Mercon argued in his e-mail to Stone that “a hookah is the perfect social medium.” And his point is one that has been brought up on several occasions.

The smoking of hookah began as a social medium in the Middle East. It has snowballed elsewhere in the world, including the United States, into a cultural phenomenon over the past few years mostly among teens and young adults. Hookah bars and cafés have popped up all over the country. In fact, since the recent efforts to get smoking banned in all public establishments, some of the tobacco venues have received a pass. Because a significant amount of their income is from the sale of the tobacco products, the establishments qualify under an exemption to the anti-smoking law.

Dobra Tea in Downtown Burlington was previously an establishment that allowed its customers to join in the smoking of the flavored tobacco while sipping on over 60 types of tea from all over the world.

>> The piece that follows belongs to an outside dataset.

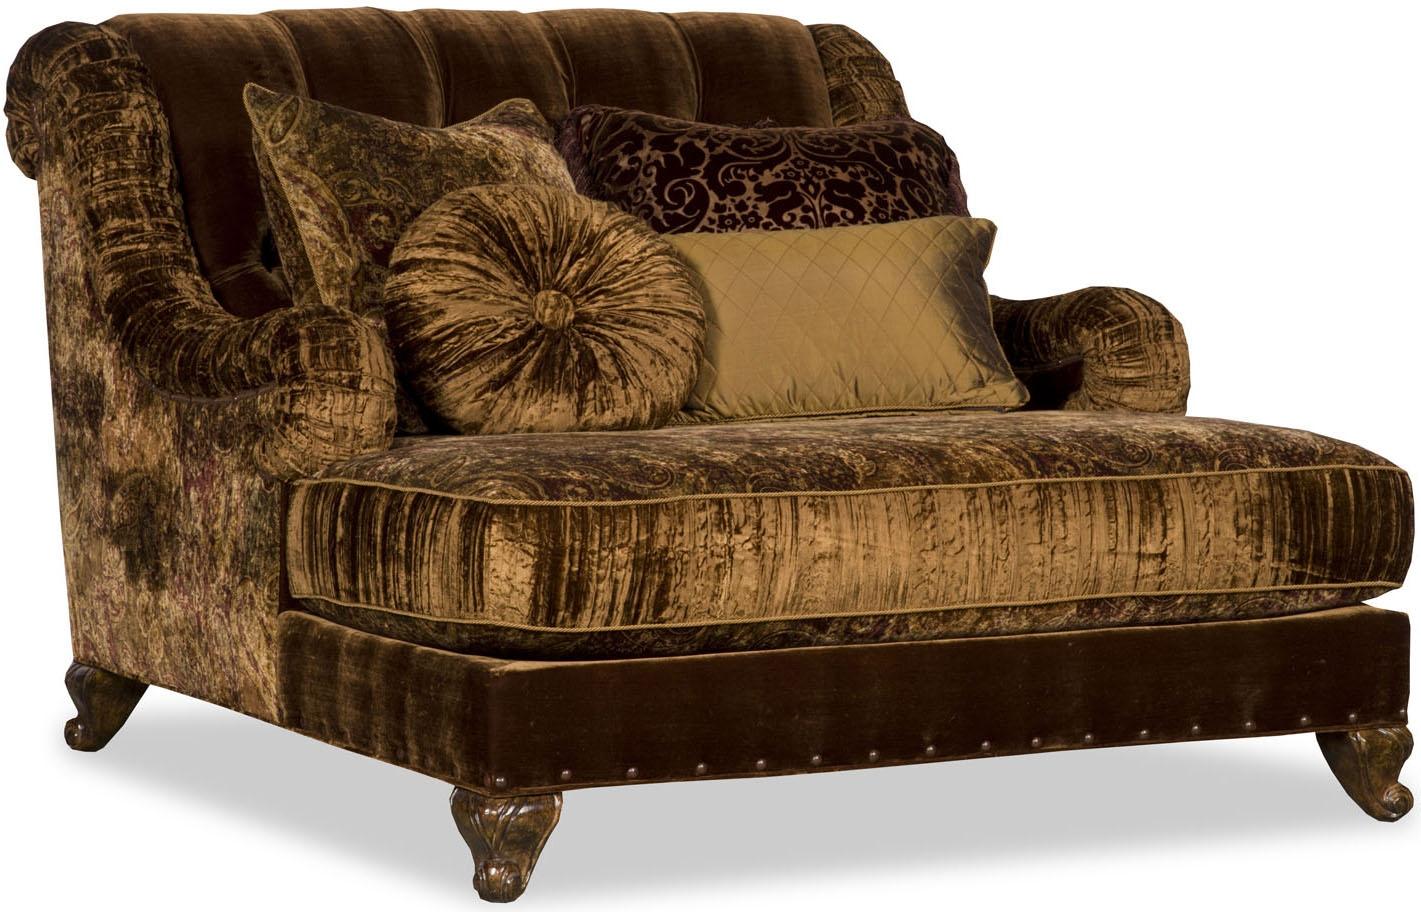 Upholstered Extended Sofa

Students here at Castleton argue that the college should jump on the cultural band wagon and set the standard for other Vermont state colleges and even colleges outside the state. One freshman in favor of keeping hookahs around urged Stone to reverse his decision using the argument that, as a first-year student, smoking hookah on campus had allowed he and several other students to meet in a social setting.

Stone says he supports finding social mediums.

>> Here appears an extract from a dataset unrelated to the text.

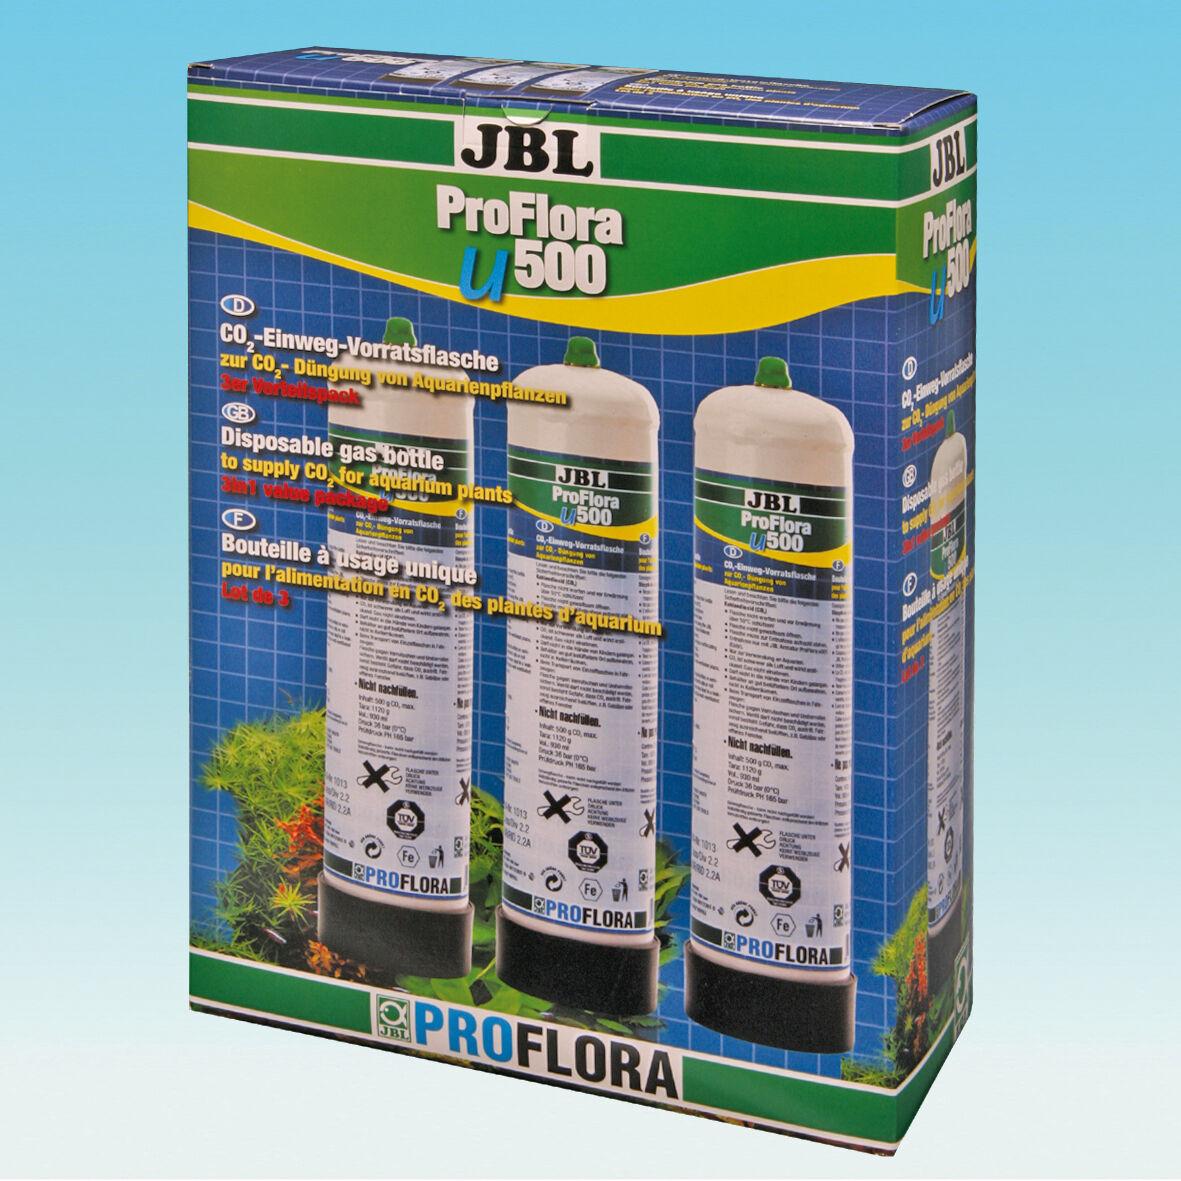 JBL ProFlora 3x u500 co2 Ricambio Flacone scorta bottiglia flacone monouso

“I wish I could have found a way to support this group’s social meetings,” he said. “I just didn’t think we could do it with hookah.”

How about your health?

Despite the common belief that the smoke is filtered by the water in the pipe, it is, in fact, no safer than smoking a cigarette. According to Thomas Eissenberg, a psychology professor at Virginia Commonwealth University and the co-author of a hookah study, “Every risk of smoking a cigarette is also associated with water pipes.”

And in some cases, the side effects are more severe. According to his study, smoking from a hookah for 45 minutes delivers 36 times more tar than one cigarette, 15 percent more carbon monoxide, and 70 percent more nicotine.

The damage to a hookah smoker’s body does not end there. A hookah smoker is five times more likely to show signs of gum disease than a non-smoker and five times more likely to be diagnosed with lung disease than a non-smoker.

A change in the future?

Rumors spread like wildfire across campus the first two weeks of school that an incoming Castleton student was starting a hookah club. Proulx said he had heard of no such club, but anyone looking to start a hookah club is going to have to wait until policy is changed.

However, the administration urges students that if they want to see a change in the policy to approach the members of the student association. If the Student Association and the Faculty Assembly support the arguments made by the student body and support a change in policy, that change would most likely be made.

However, few efforts to reverse the decision have been made. Stone said that of all the students that he sent the e-mail to, only four either responded via e-mail or met with him and to his knowledge, no one had approached the Student Association regarding the issue.

The administration is aware that the hookah is not the root of all evil, but that doesn’t mean the ban will go away anytime soon.

“There are some strong arguments,” said Proulx. “But right now our arguments are stronger.